L’indice nazionale degli indirizzi di posta elettronica certificata

di Marco Maceroni

Pubblicato il 1 marzo 2014

la legislazione italiana punta sull'utilizzo della PEC quale strumento destinato ad interconnettere tra di loro tutti gli attori dell'azione amministrativa, non più in via preferenziale o prioritaria, ma esclusiva ed escludente; per perseguire questo risultato il legislatore crea un indice nazionale degli indirizzi PEC dei professionisti e delle imprese, a disposizione dell'amministrazione e di qualunque cittadino (ivi incluse ovviamente le imprese e i professionisti)

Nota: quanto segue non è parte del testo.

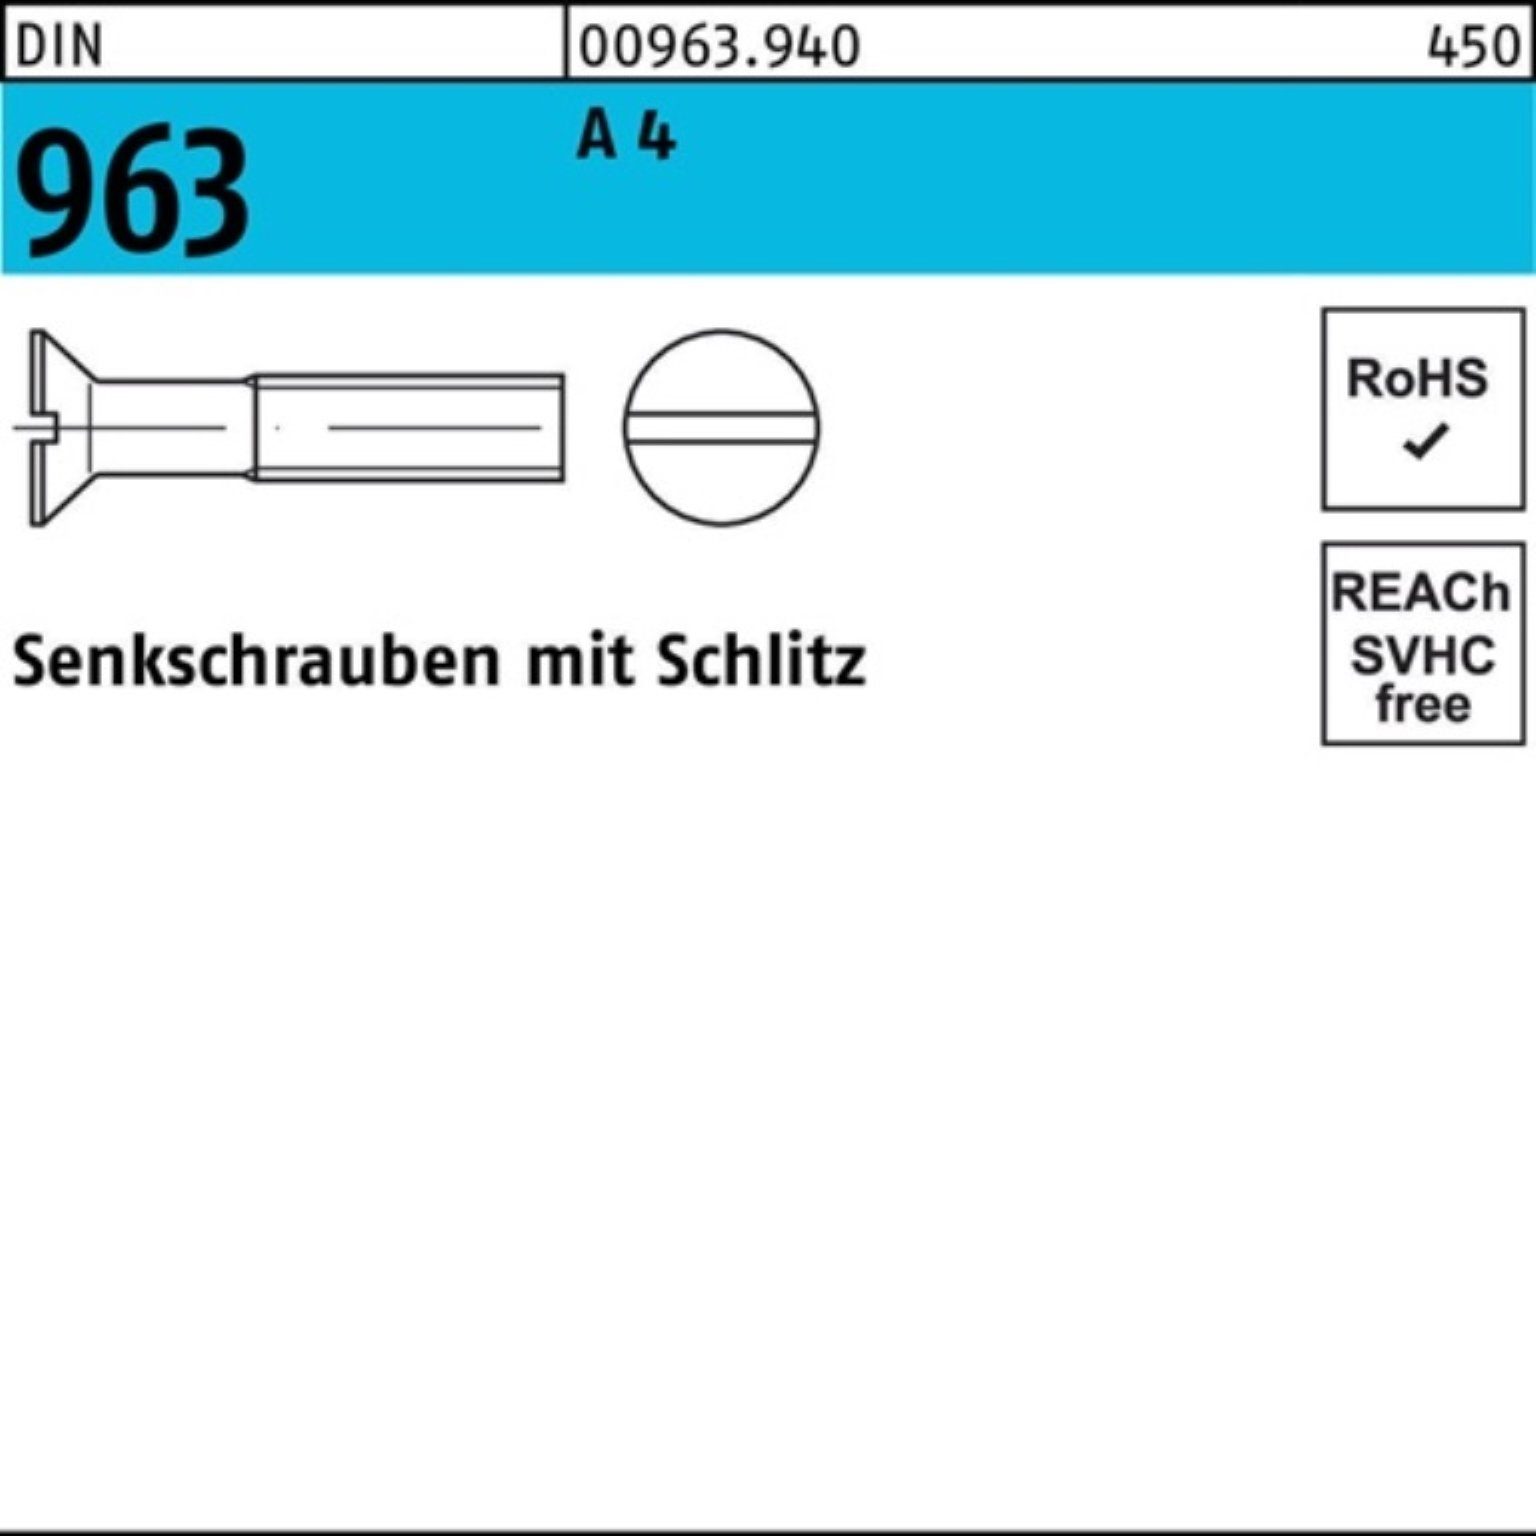 Reyher Senkschraube 1000er Pack Senkschraube 963 Schlitz Stück 1000 M2x A 20 DIN 4 DIN 96

  1. Lo stato dell'arte della PEC

Il legislatore con la revisione operata attraverso la disciplina di fine 2012 al CAD, ha regolato i rapporti tra cittadini e amministrazione improntandoli al più alto utilizzo possibile delle tecnologie della comunicazione (ICT). È un processo di lunga data che trova le sue origini alla fine degli anni 90 dello scorso secolo, ma che ha subito accelerazioni visibili di grande efficacia (almeno per quanto riguarda l'ambito delle imprese) a partire dal 1 aprile 2010, quando per tutte le imprese (comprese quelle individuali) è diventato obbligatorio l'uso della firma elettronica per rivolgere domande e comunicazioni al registro delle imprese, e definitivamente dal 31 marzo 2011, quando è entrato in vigore il DPR 160/2010, che almeno nella sua stesura originale (ed a regime), prevedeva l'esclusivo utilizzo delle ICT nei rapporti tra imprese e SUAP e tra SUAP (front office) e le altre amministrazioni in posizione di back office (cd. Enti terzi).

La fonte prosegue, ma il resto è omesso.